◆ YOUR OBJECTIVE ◆
From the line containing "COOKING & BAKING SYSTEMS Ovens" to the line containing "Design Magazine 5" in the entries below, reproduce every line exactly, ends included. Nothing else belongs in the copy, and no pictures.

◆ MATERIAL PROVIDED ◆
++++++++++++++++++++
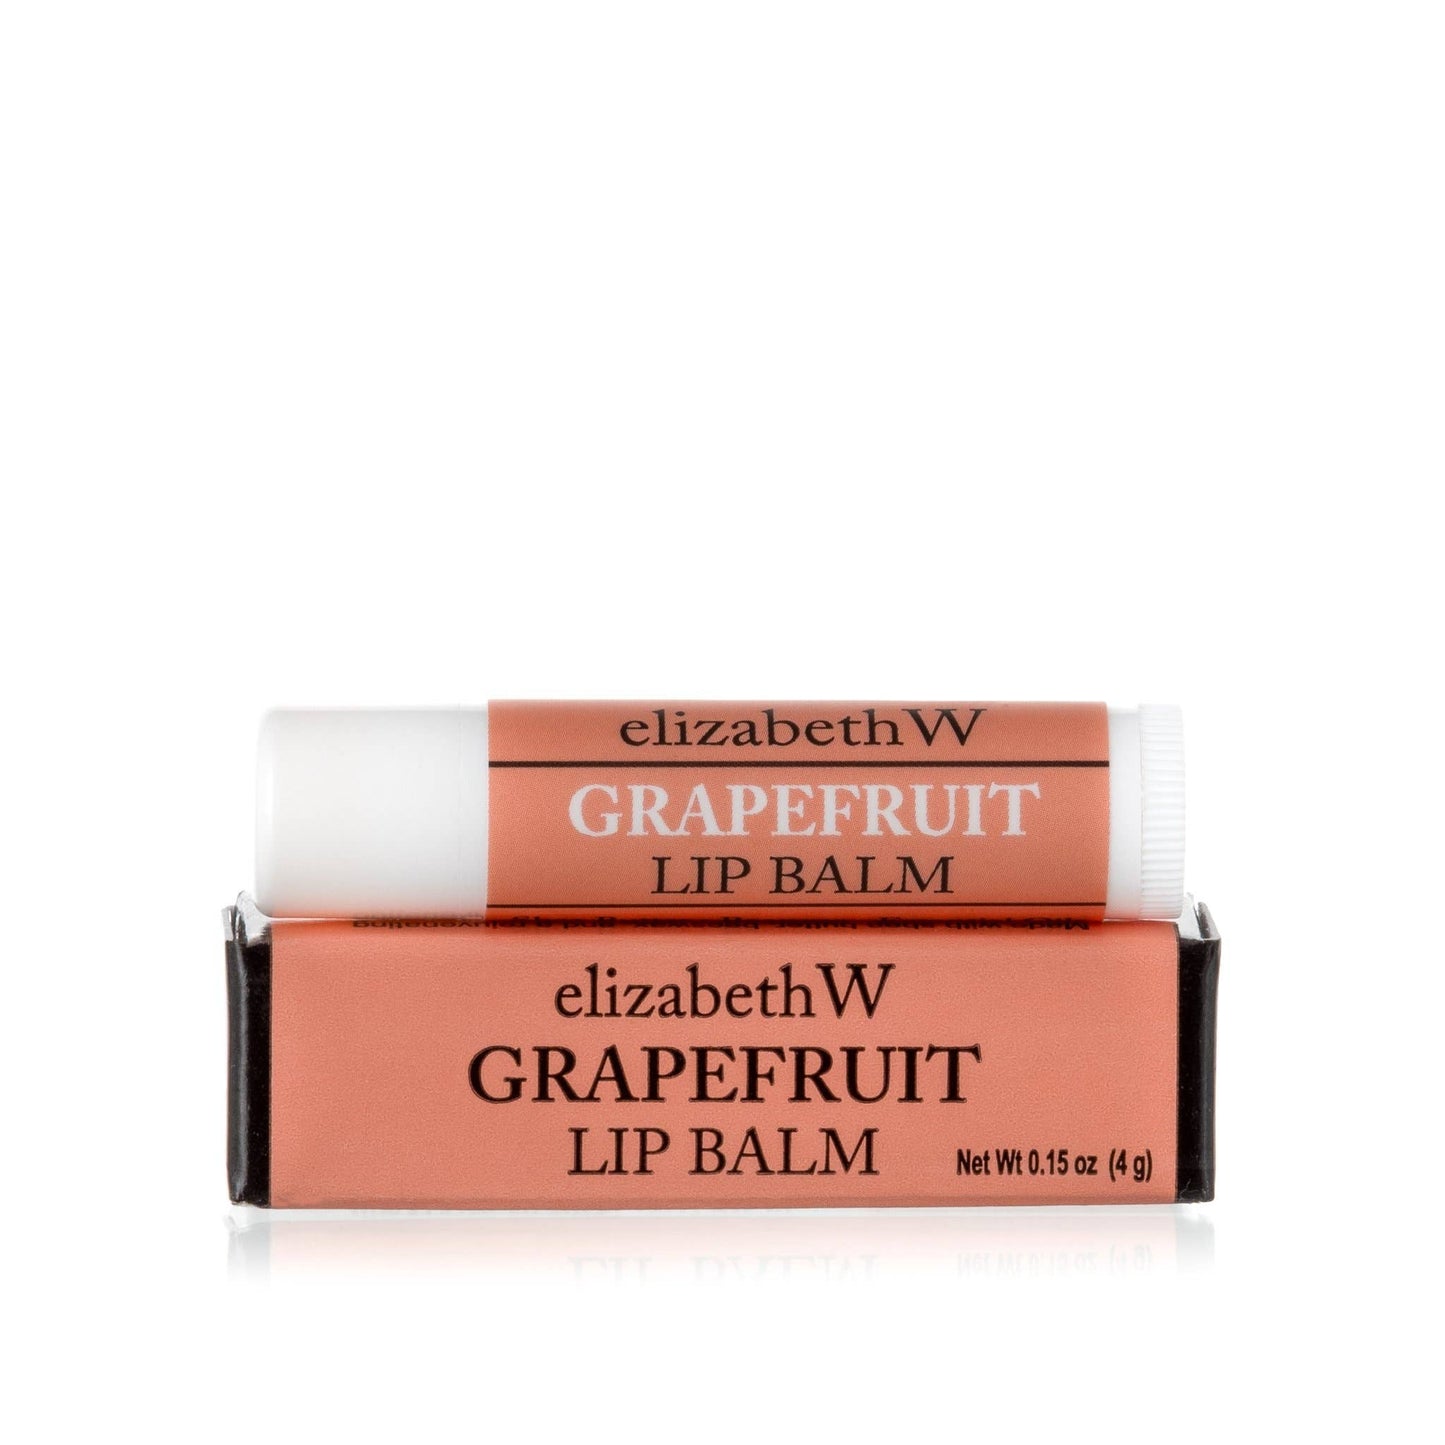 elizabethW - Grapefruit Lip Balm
++++++++++++++++++++
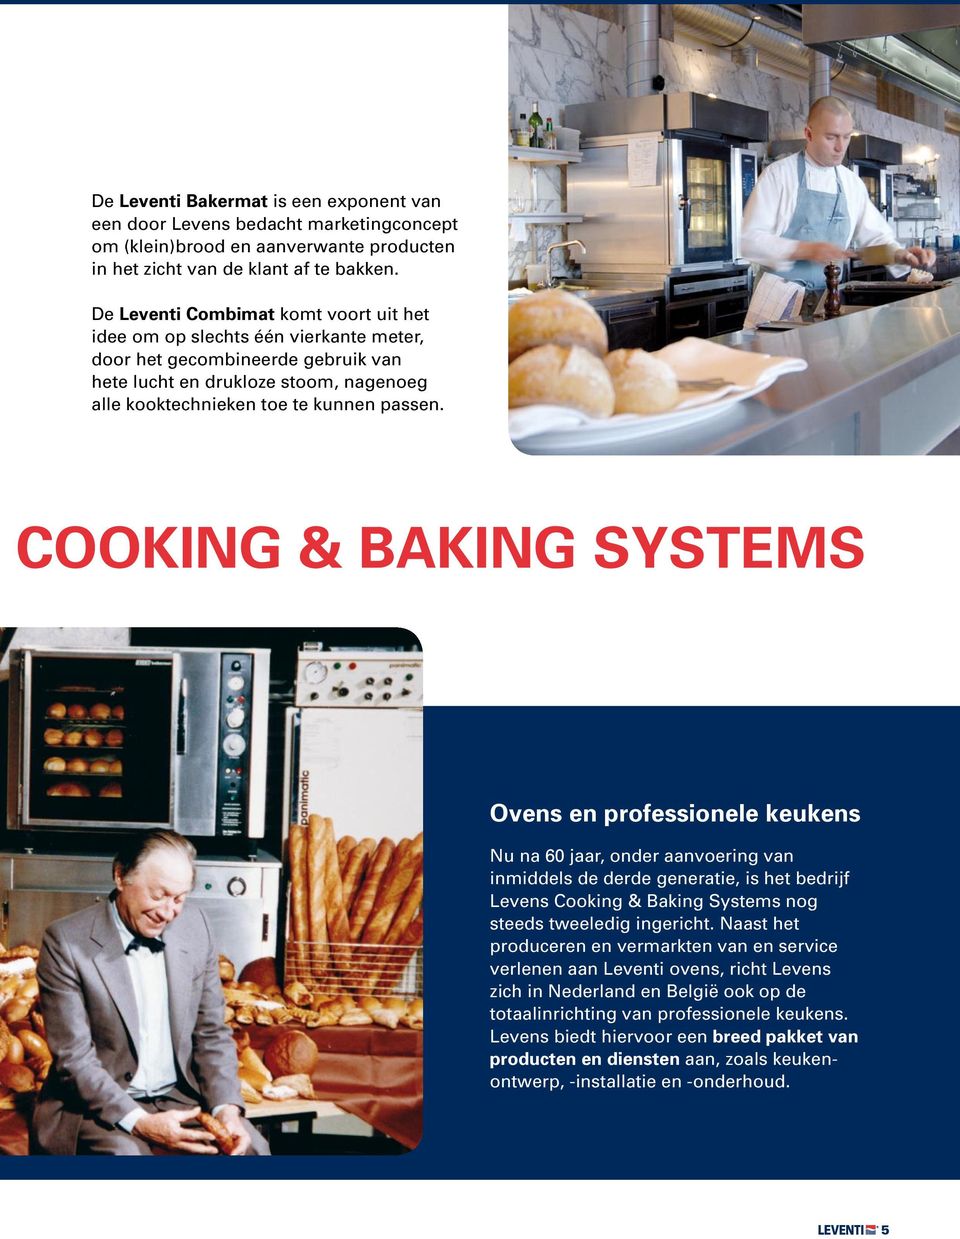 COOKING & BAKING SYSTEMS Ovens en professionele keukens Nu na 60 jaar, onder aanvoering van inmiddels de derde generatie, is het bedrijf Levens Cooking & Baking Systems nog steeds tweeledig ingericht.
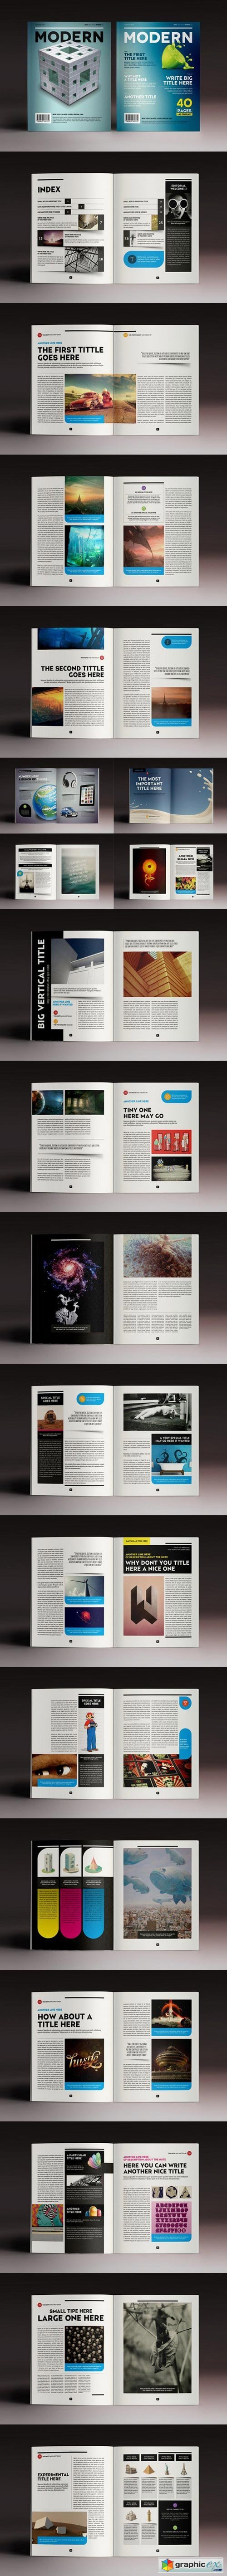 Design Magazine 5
++++++++++++++++++++
◆ ANSWER SPACE ◆
 COOKING & BAKING SYSTEMS Ovens en professionele keukens Nu na 60 jaar, onder aanvoering van inmiddels de derde generatie, is het bedrijf Levens Cooking & Baking Systems nog steeds tweeledig ingericht.
 Design Magazine 5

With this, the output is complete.